Baron Bernhard August von Lindenau (11 June 1779 – 21 May 1854) was a German lawyer, astronomer, politician, and art collector.

Lindenau was born in Altenburg, the son of Johann August Lindenau, a regional administrator (Landschaftsdirektor). In 1793, Lindeau began studying law and mathematics at Leipzig, and beginning in 1801 he worked at the astronomical observatory in Seeburg. In 1830 he was the Minister of the Interior during a turbulent period in the history of Saxony. Late in the year he oversaw measures to calm violent protests demanding political reform. From 1831 to 1843 he was Minister-President.

He created a collection of Italian artwork from the 14th and 15th centuries by Florentine painters in an effort to create artistic awareness. He gave his art collection to the city of Altenburg on the condition that they create a museum to display the pieces. This museum was finished in 1875, and became the Lindenau-Museum.
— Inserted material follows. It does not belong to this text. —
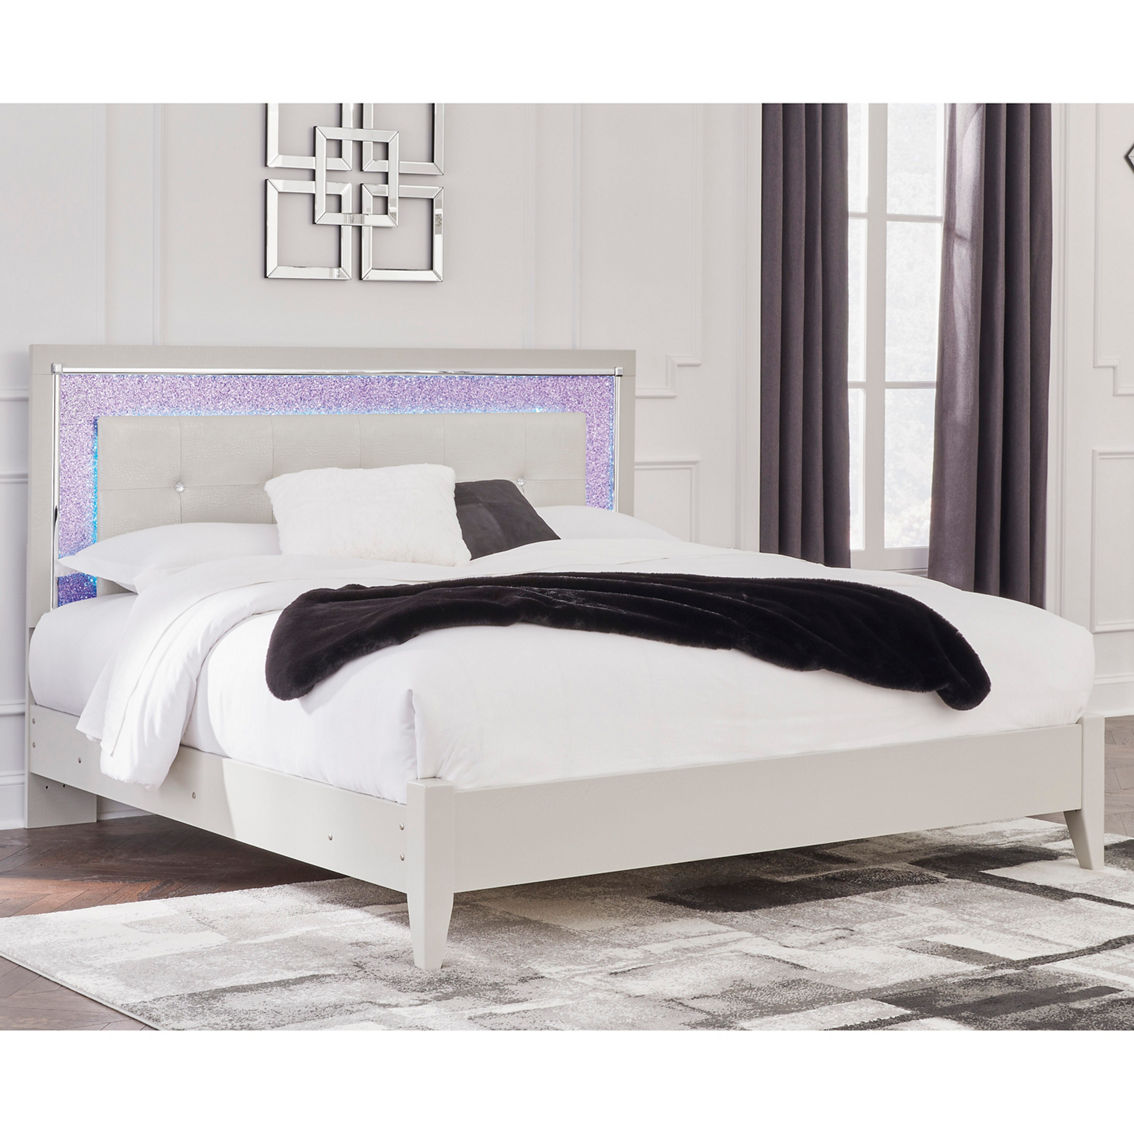 Signature Design by Ashley Zyniden 3 pc. Upholstered Bedroom Set - Image 2 of 8

Lindenau edited the Monatliche Correspondenz zur Beförderung der Erd- und Himmels-Kunde starting in 1807. The Journal was founded by Franz Xaver von Zach in 1800 and existed until 1813.

In 1809 he became correspondent of the Royal Institute of the Netherlands, when that became the Royal Netherlands Academy of Arts and Sciences in 1851 he joined as foreign member. Lindenau was elected a Foreign Honorary Member of the American Academy of Arts and Sciences in 1822.

He died in Windischleuba.

==Awards and honors==
- Asteroid 9322 Lindenau was named for him.
- Lindenau (crater) on the Moon was named for him.
- Lindenau Museum in Altenburg was named after him.